WHAT IS NEEDED:
The result should hold only the lines from the one with "Reconnaissance des lettres majuscules" through the final line of the data below, transcribed exactly, pictures left out.

SOURCE MATERIAL:

....

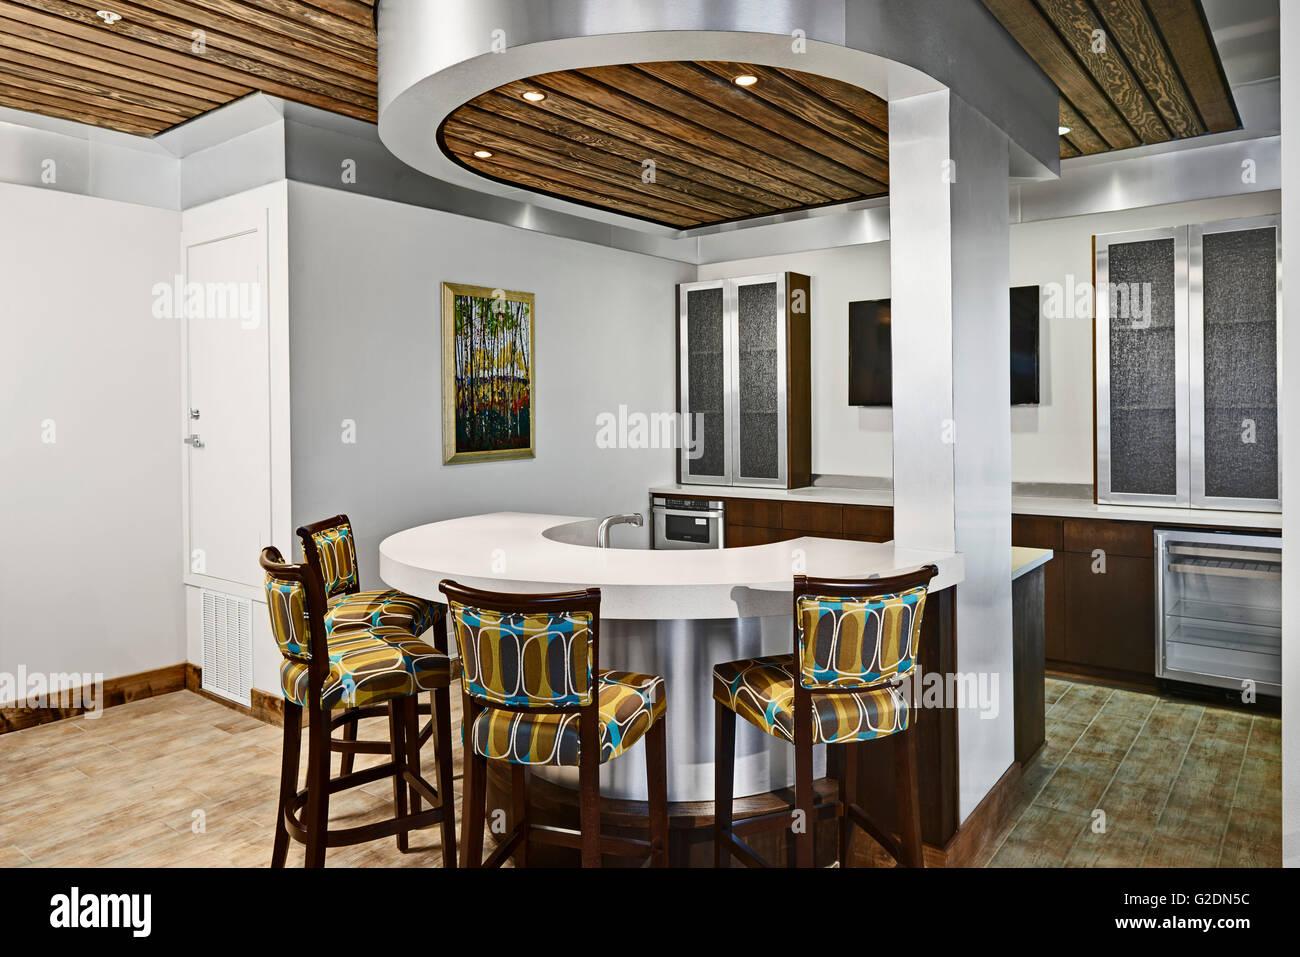 Cucina moderna con contatore circolare e colorato sgabelli
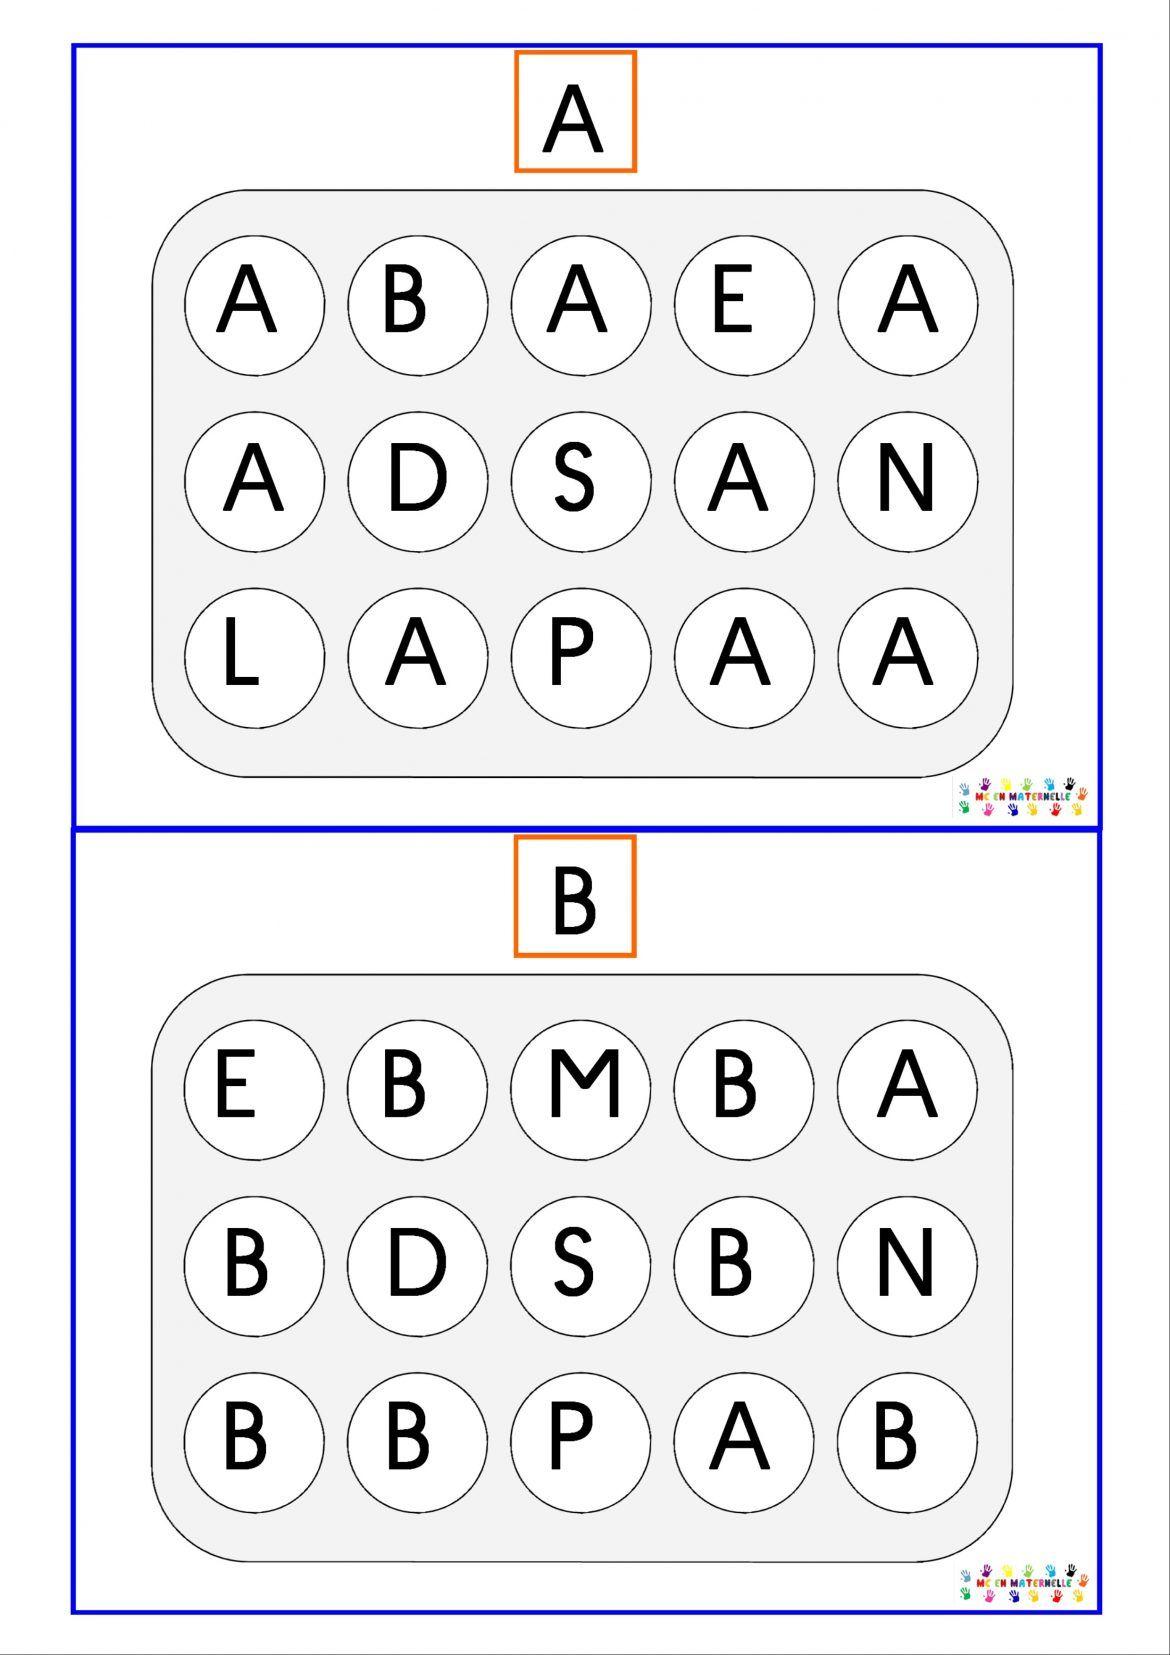 Reconnaissance des lettres majuscules boulot reconnaissance des lettres lettre a et les - Lettre de l alphabet en majuscule a imprimer ...
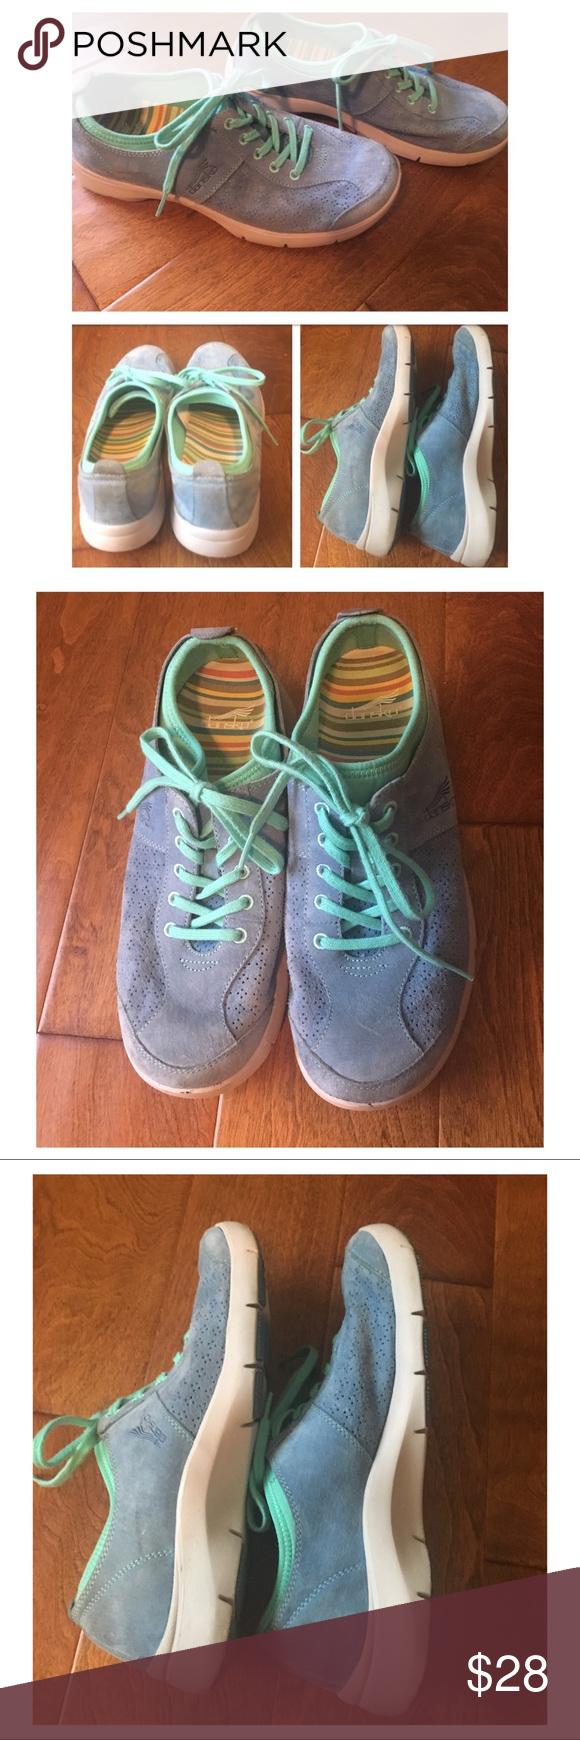 Slip Resistant Sneakers | Blue suede

....

YOUR SOLUTION:
 Reconnaissance des lettres majuscules boulot reconnaissance des lettres lettre a et les - Lettre de l alphabet en majuscule a imprimer ...
 Slip Resistant Sneakers | Blue suede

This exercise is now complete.